File size: 5,748 Bytes

5af7e8d

from typing import List, Optional, Tuple

import numpy as np
import torch
import torch.nn.functional as F
from transformers import BertTokenizer

from src.models import BertForPunctuation

PUNCTUATION_SIGNS = ['', ',', '.', '?']
PAUSE_TOKEN = 0
MODEL_NAME = "verbit/hebrew_punctuation"


def tokenize_text(
    word_list: List[str], pause_list: List[float], tokenizer: BertTokenizer
) -> Tuple[List[int], List[int], List[float]]:
    """
    Tokenizes text and generates pause list for each word
    Args:
        word_list: list of words
        pause_list: list of pauses after each word in seconds
        tokenizer: tokenizer

    Returns:
        original_word_idx: list of indexes of original words
        x: list of indexed words
        pause: list of pauses after each word in seconds
    """
    assert len(word_list) == len(pause_list), "word_list and pause_list should have the same length"
    x, pause = [], []

    # when we do tokenization the number of tokens might be more than one for single word, so we need to keep
    # mapping tokens into real words
    original_word_idx = []
    for w, p in zip(word_list, pause_list):
        tokens = tokenizer.tokenize(w)
        p = [p]
        # converting tokens to idx, if we have no token for current word then just pad it with 0 to be safe
        _x = tokenizer.convert_tokens_to_ids(tokens) if tokens else [0]

        if len(_x) > 1:
            p = (len(_x) - 1) * [0] + p
        x += _x
        original_word_idx.append(len(x) - 1)
        pause += p

    return original_word_idx, x, pause


def gen_model_inputs(
    x: List[int],
    pause: List[float],
    forward_context: int,
    backward_context: int,
) -> torch.Tensor:
    """
    Generates inputs for model out of list of indexed words.
    Inserts a pause token into the segment
    Args:
        x: list of indexed words
        pause: list of corresponding pauses
        forward_context: size of the forward context window
        backward_context: size of the backward context window (without the predicted token)`

    Returns:
        A tensor of model inputs for each indexed word in x
    """
    model_input = []
    tokenized_pause = [PAUSE_TOKEN] * len(pause)
    x_pad = [0] * backward_context + x + [0] * forward_context

    for i in range(len(x)):
        segment = x_pad[i : i + backward_context + forward_context + 1]
        segment.insert(backward_context + 1, tokenized_pause[i])
        model_input.append(segment)
    return torch.tensor(model_input)


def add_punctuation_to_text(text: str, punct_prob: np.ndarray) -> str:
    """
    Inserts punctuation to text on provided punctuation string for every word
    Args:
        text: text to insert punctuation to
        punct_prob: matrix of probabilities for each punctuation

    Returns:
        text with punctuation
    """
    words = text.split()
    new_words = list()

    punctuation_idx = np.argmax(punct_prob, axis=1)
    punctuation_list = [PUNCTUATION_SIGNS[i] for i in punctuation_idx]
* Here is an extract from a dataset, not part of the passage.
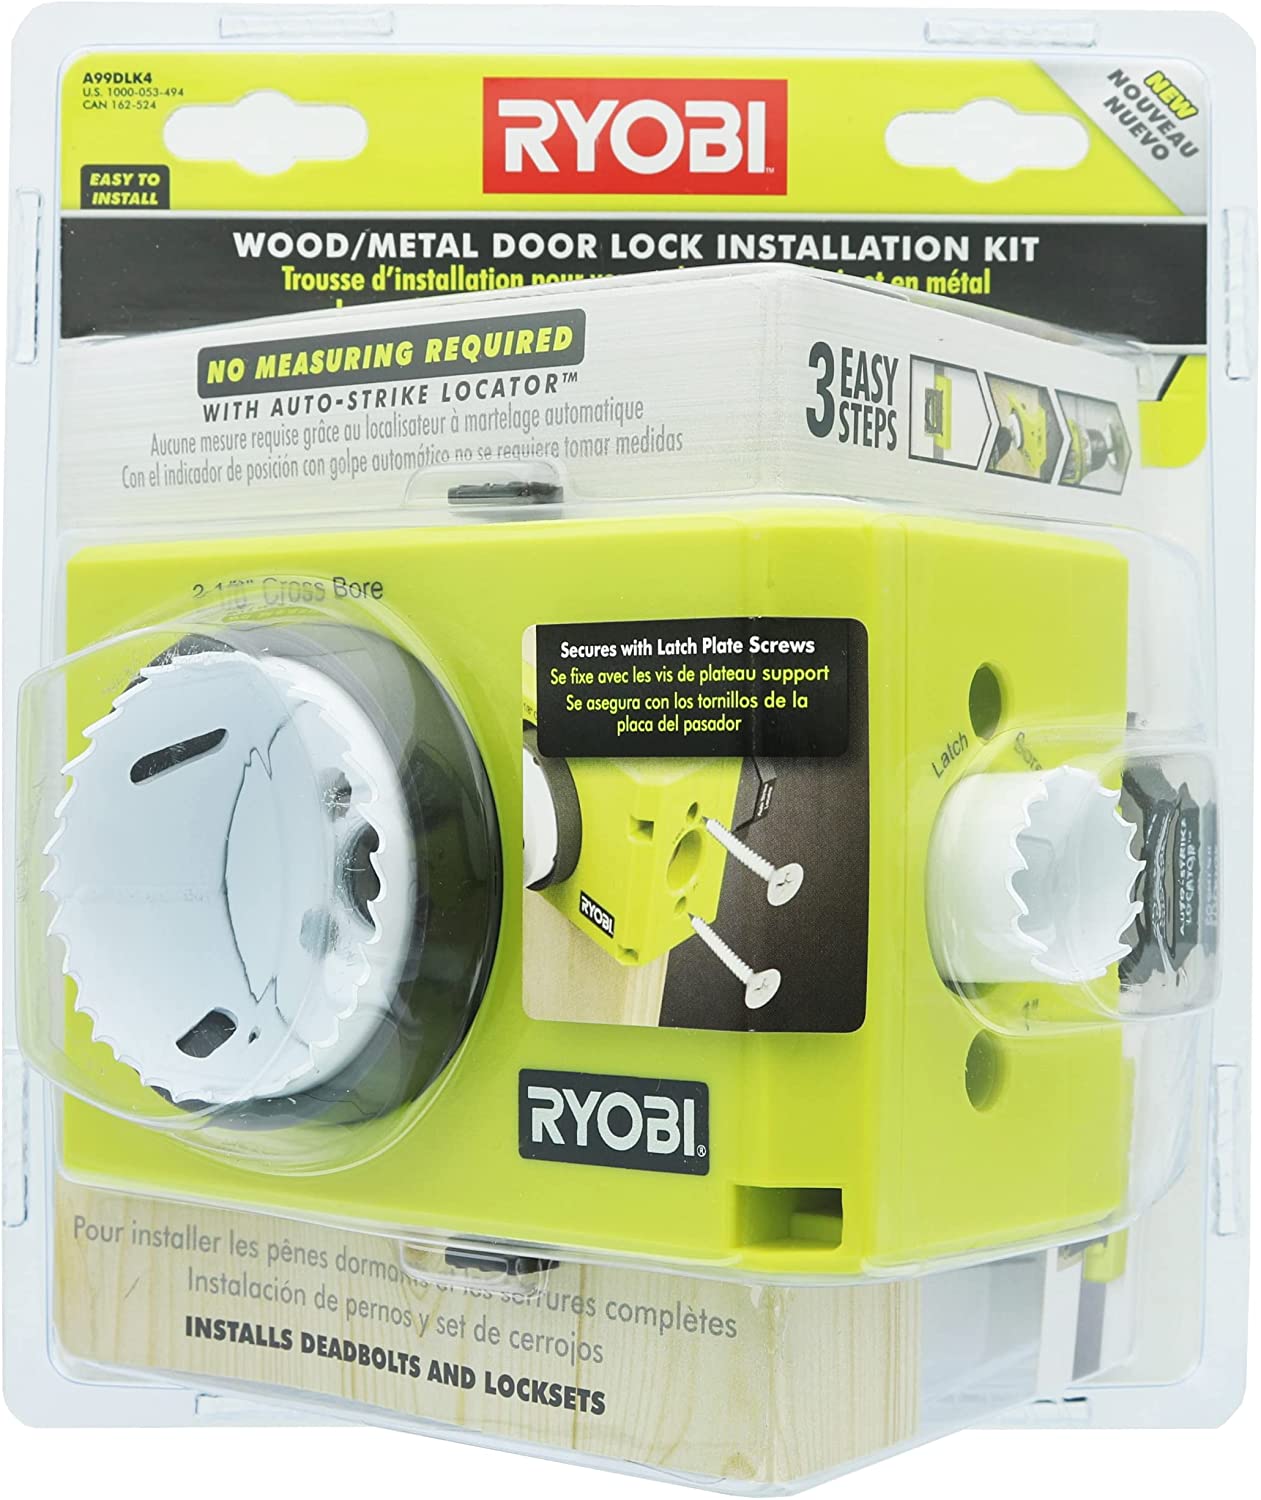 Ryobi A99HT2 Door Hinge Installation Kit/Mortiser Template Bundled with Ryobi A99DLK4
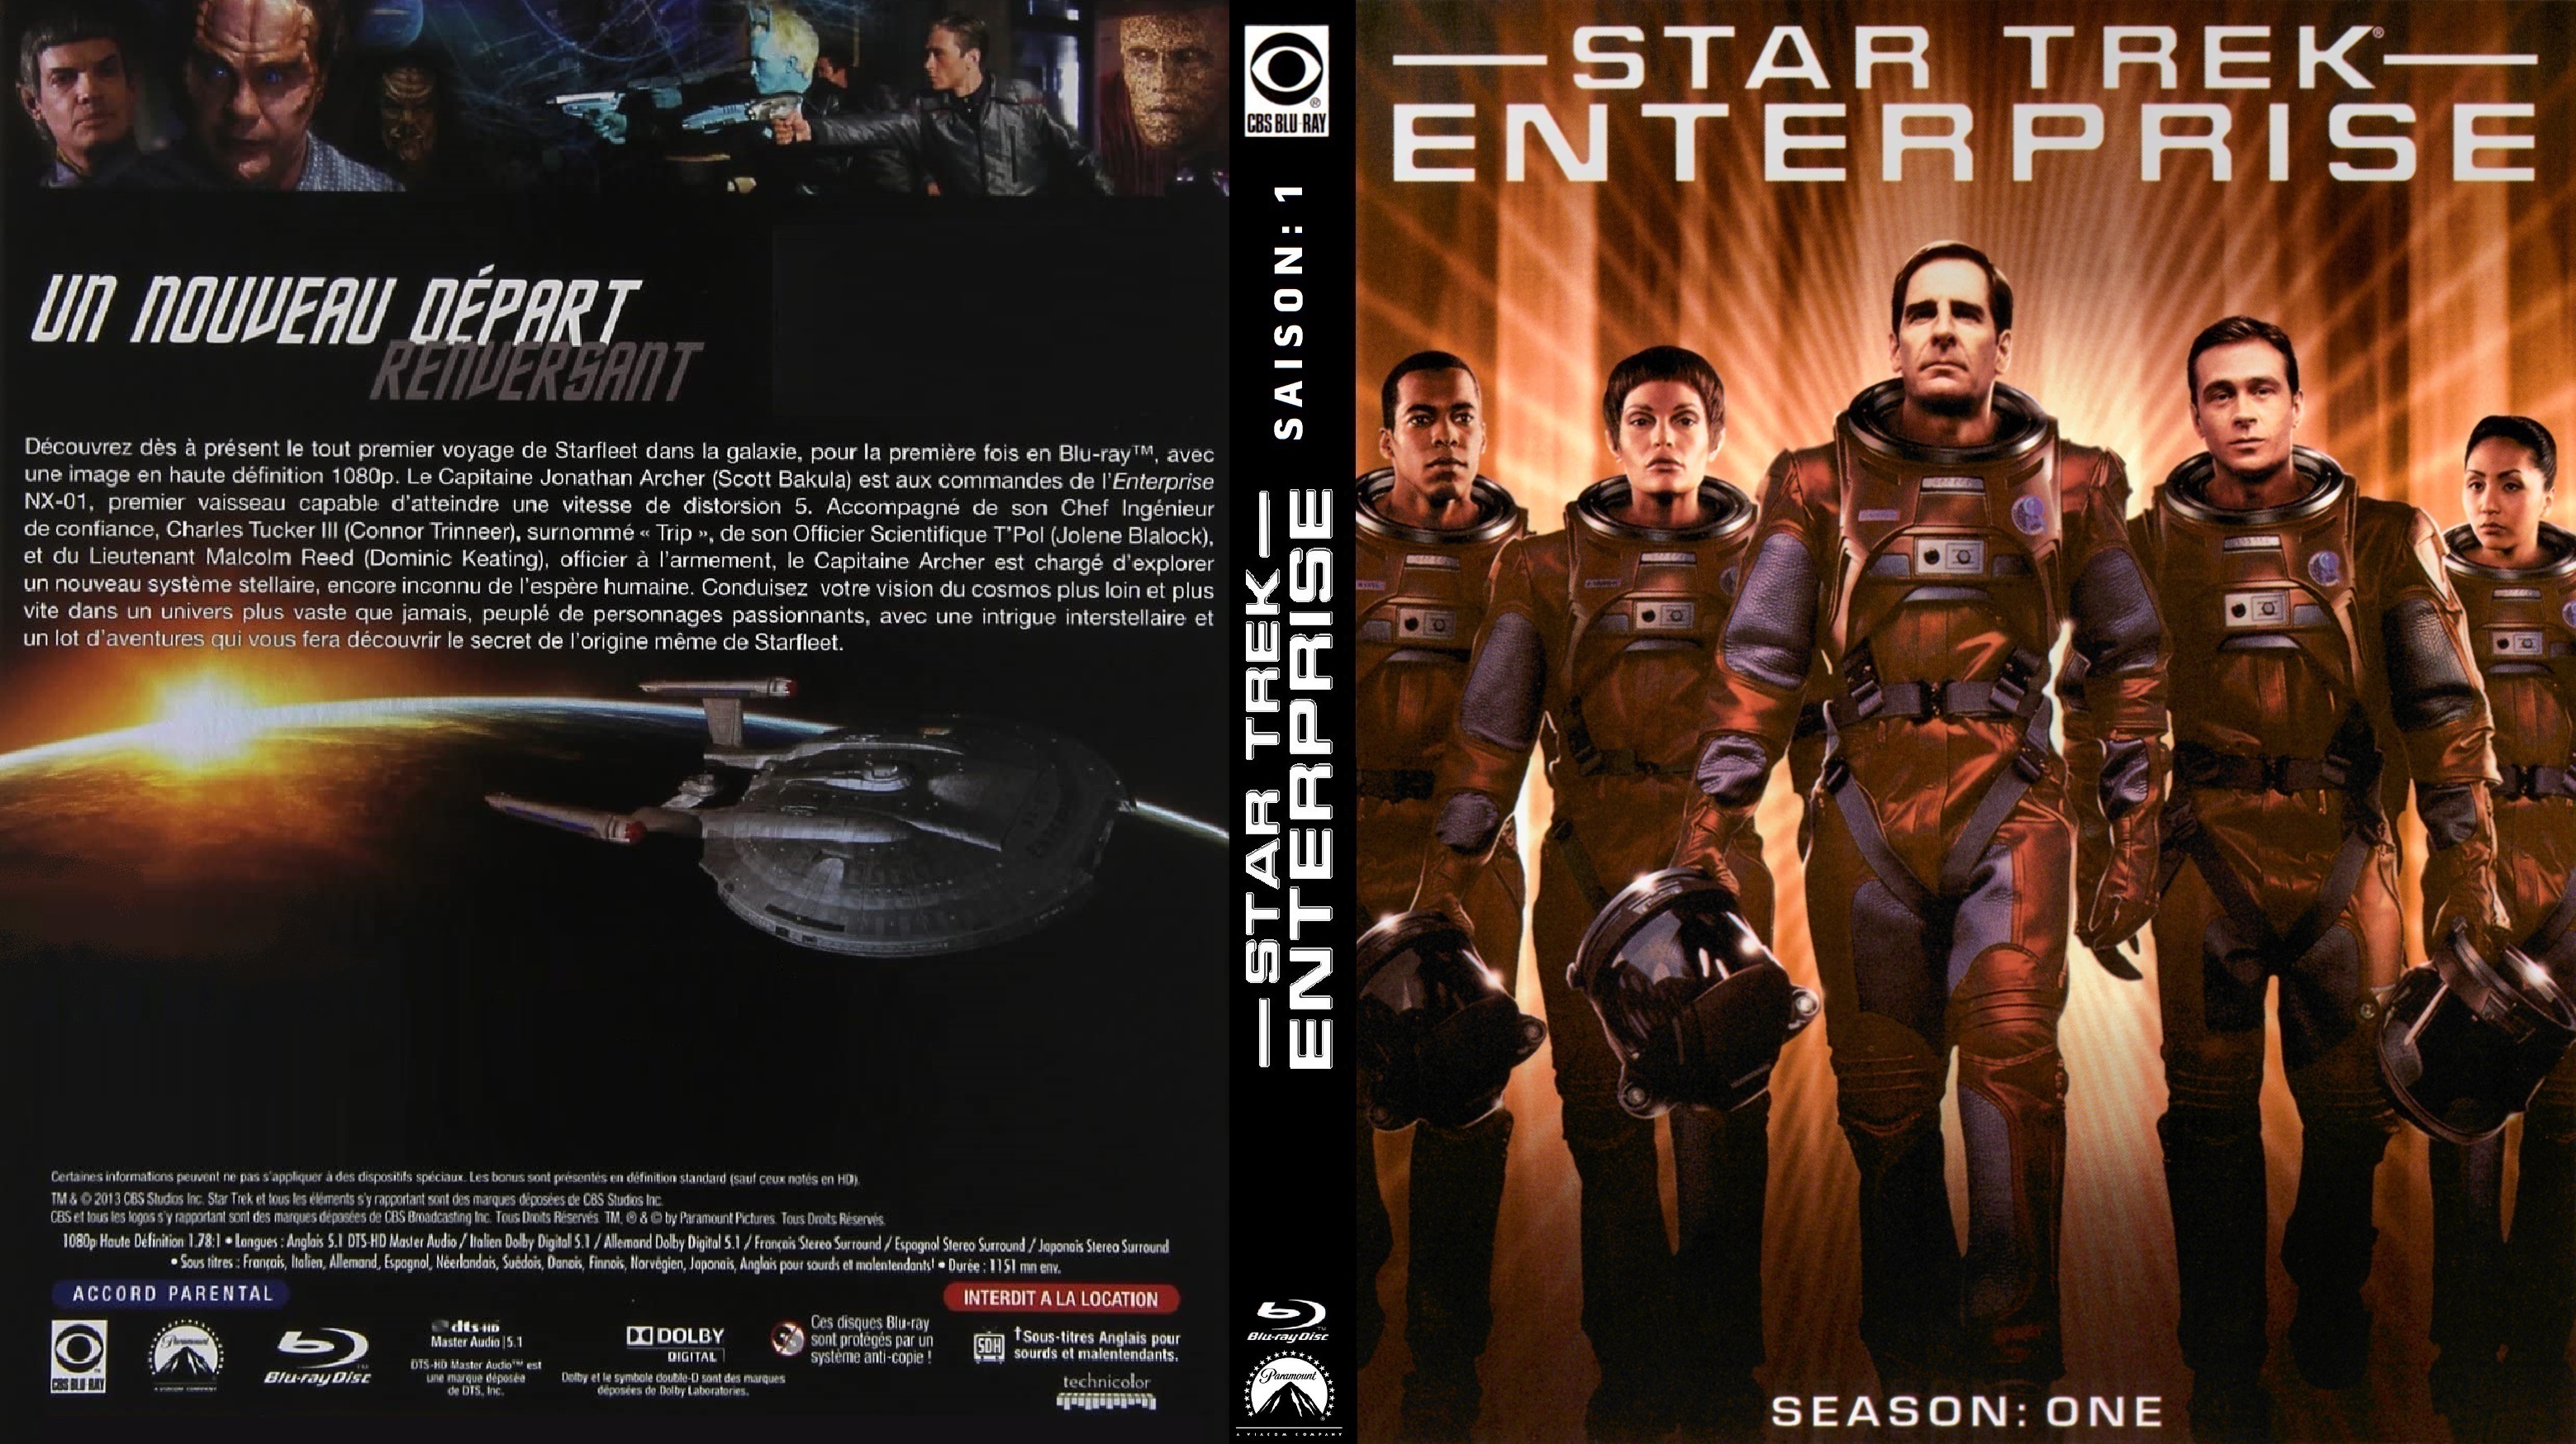 Jaquette DVD Star Trek Enterprise Saison 1 Blu-ray custom

    for word, punctuation_str in zip(words, punctuation_list):
        if punctuation_str:
            new_words.append(word + punctuation_str)
        else:
            new_words.append(word)

    punct_text = ' '.join(new_words)
    return punct_text


def get_prediction(
    model: BertForPunctuation,
    text: str,
    tokenizer: BertTokenizer,
    batch_size: int = 16,
    backward_context: int = 15,
    forward_context: int = 16,
    pause_list: Optional[List[float]] = None,
    device: str = 'cpu',
) -> str:
    """
    Generates predictions for given list of words.
    Args:
        model: punctuation model
        text: text to predict punctuation for
        tokenizer: tokenizer
        batch_size: batch size
        backward_context: size of the backward context window
        forward_context: size of the forward context window
        pause_list: list of pauses after each word in seconds
        device: device to run model on

    Returns:
        text with punctuation
    """
    word_list = text.split()
    if not pause_list:
        # make default pauses if pauses are not provided
        pause_list = [0.0] * len(word_list)

    word_idx, x, pause = tokenize_text(word_list=word_list, pause_list=pause_list, tokenizer=tokenizer)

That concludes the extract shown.